I tend to believe that people confuse "free love" with affordable sex. Love itself can never be free because it costs to love and love not shared equally costs the most.
Unlike the grace offered to all by the democracy of love, the aristocracy of sex has never been so kind. Sex is brutally Darwinian in its selection, it spurns the less fortunate while favoring those most blessed in wealth, looks, vanity, strength and youth.

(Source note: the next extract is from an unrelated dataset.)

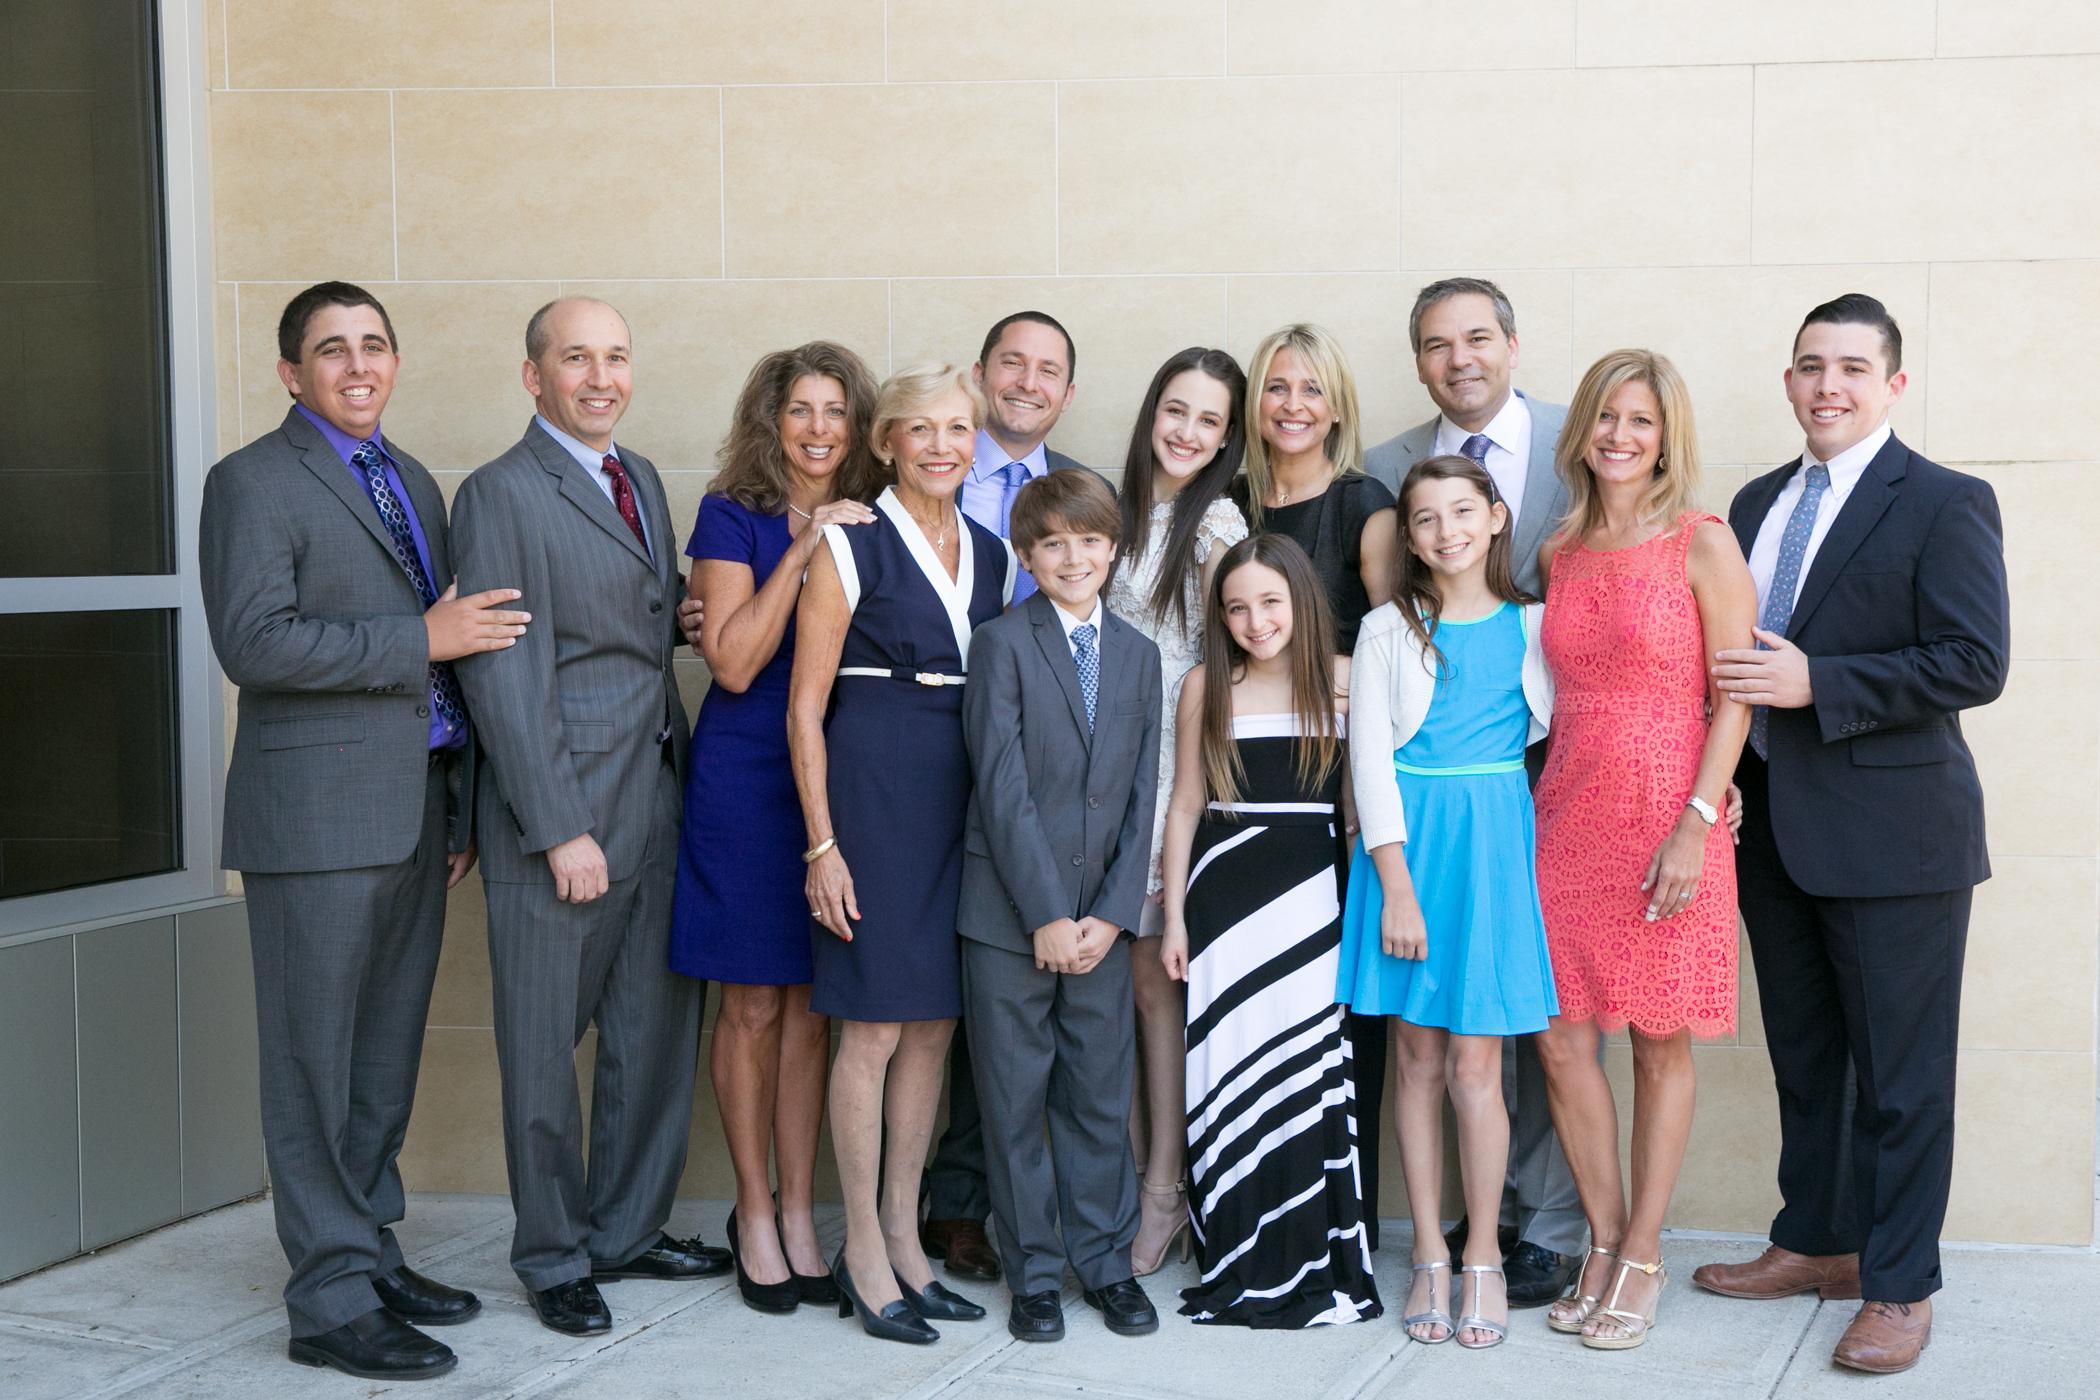 The Family at Jessie's Bat Mitzvah

Sex is all about affordability. Those who have more, get more, because they can afford more. Those who have less, pay more to get less. It says much of us, a society whose celebrity is currency that we pay the wealthy of Hollywood to propagate an attitude of "Free Love" when sex is so affordable for them and so dreadful expensive to everyone else who pursues sex rather than love.
© Greg Schiller, 2007
Author: Greg Schiller


Comments: 41
I'll agree that "free love" and "affordable sex" are two completely different things. The concept that love is never "free" could probably be argued, though. If you receive more than you spend, do you come out "ahead" - or have you still spent something that was worth more when you had it?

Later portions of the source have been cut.